Methods for measuring HbA1c are based on a variety of analytical principles such as the separation on the basis of charge (ion exchange chromatography in HPLC or mini-columns, electrophoresis), affinity binding of glycated haemoglobins (affinity chromatography) or immunoassays
. They rely on the use of a calibrator with values traceable to those provided by a reference system.
The EU Directive on In Vitro Diagnostic Medical Devices (IVD-MD) (Directive 98/79/EC) requires traceability of the assigned values of calibrants and control materials to reference measurement procedures and/or reference materials of higher order.
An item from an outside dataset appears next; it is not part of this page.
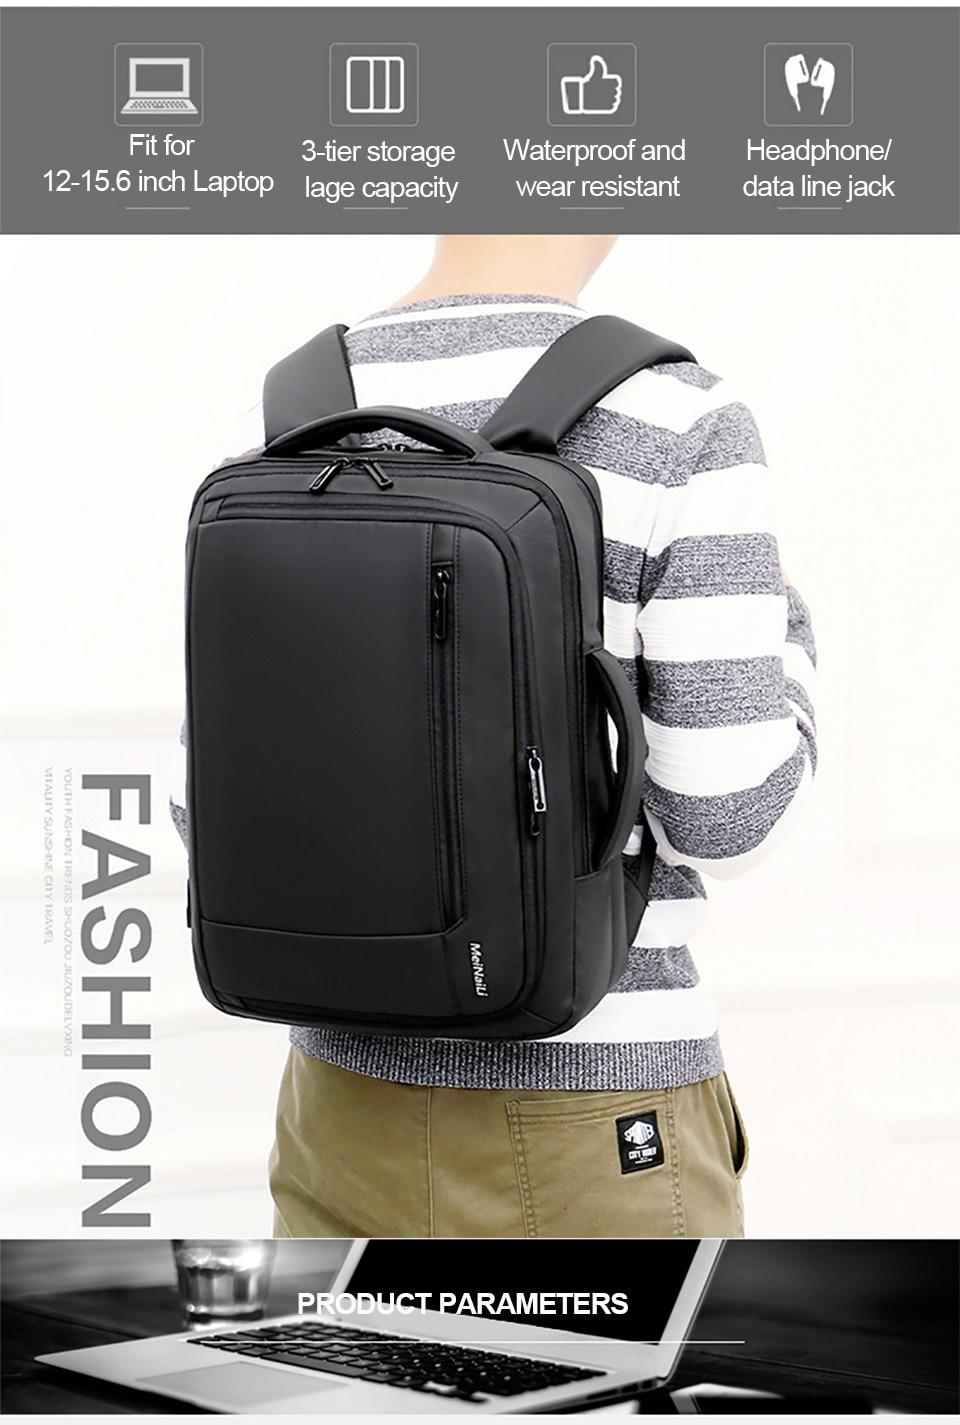 2 Multifunction USB Backpack Man Bag 15.6inch Laptop Backpacks Travel Bags Large Capacity Luggage Backpacking Waterproof Notebook
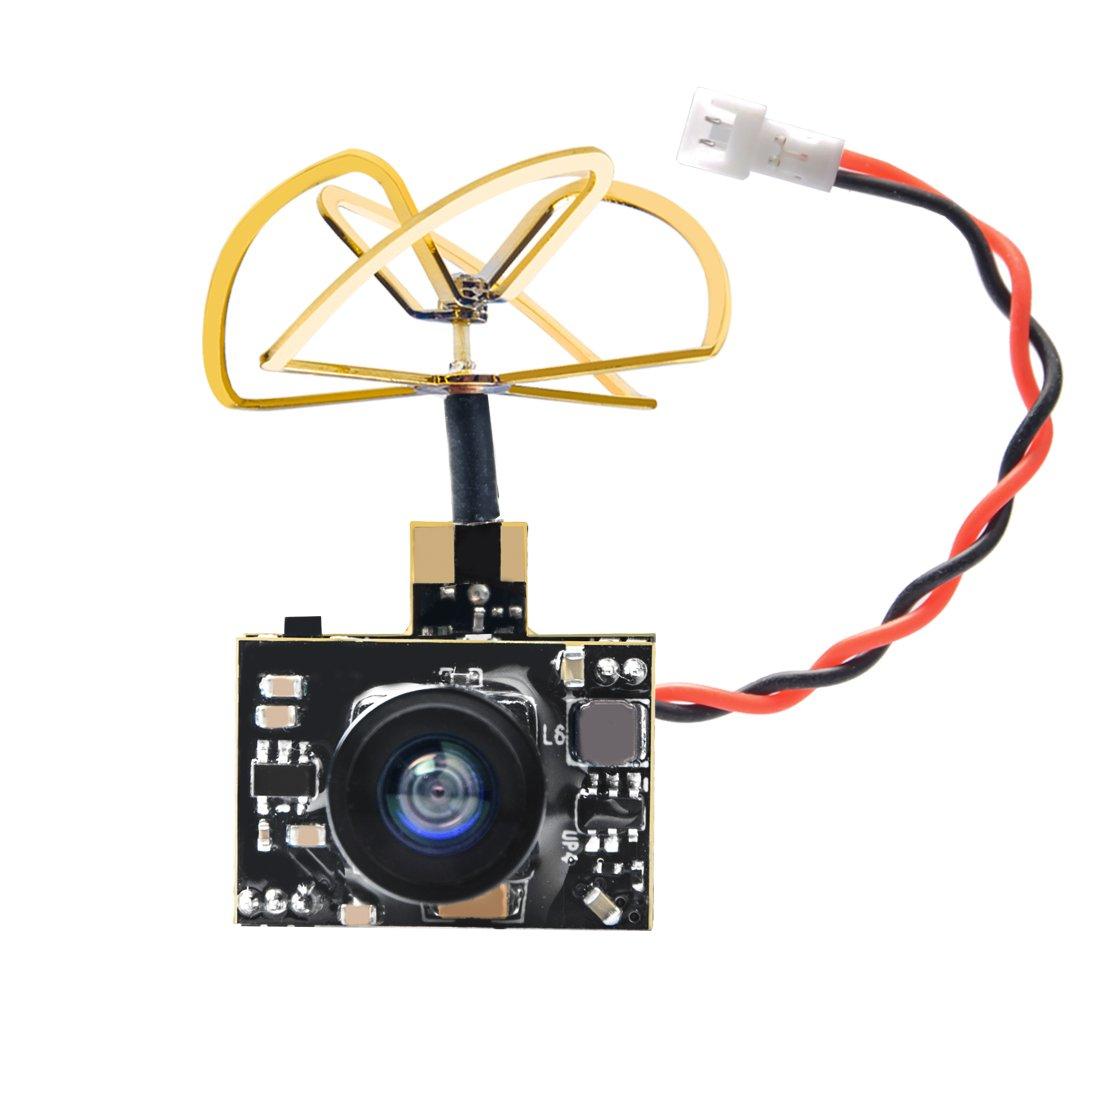 Akk A2 5.8ghz 200mw Fpv Transmisor Raceband 600tvl 1/4 Cmos Mini Camara Fpv Micro Aio Con Antena Clover Para Fpv Drone

The IFCC Working Group on HbA1c Standardization has developed a reference measurement procedure. This method quantifies the cleaved N-terminal hexapeptide of the β-chain of haemoglobin. The glycated and non-glycated hexapeptides are first separated by HPLC and then quantified by mass spectrometry (HPLC-ESI/MS) or by UV detection after a second separation step by capillary electrophoresis (HPLC-CE/UV). The measurand is defined as HbA1c/(HbA1c + HbA0). Both detection systems give identical results when calibrated with mixtures of highly purified HbA0 and HbA1c. The performance of the reference measurement procedure was validated by a network of reference laboratories [5]. A modification of the procedure as described in [5] has been accepted by the IFCC network and is currently used by the IFCC network laboratories [6]. Several of the IFCC network laboratories are also listed as reference laboratories by the Joint Committee for Traceability in Laboratory Medicine (JCTLM).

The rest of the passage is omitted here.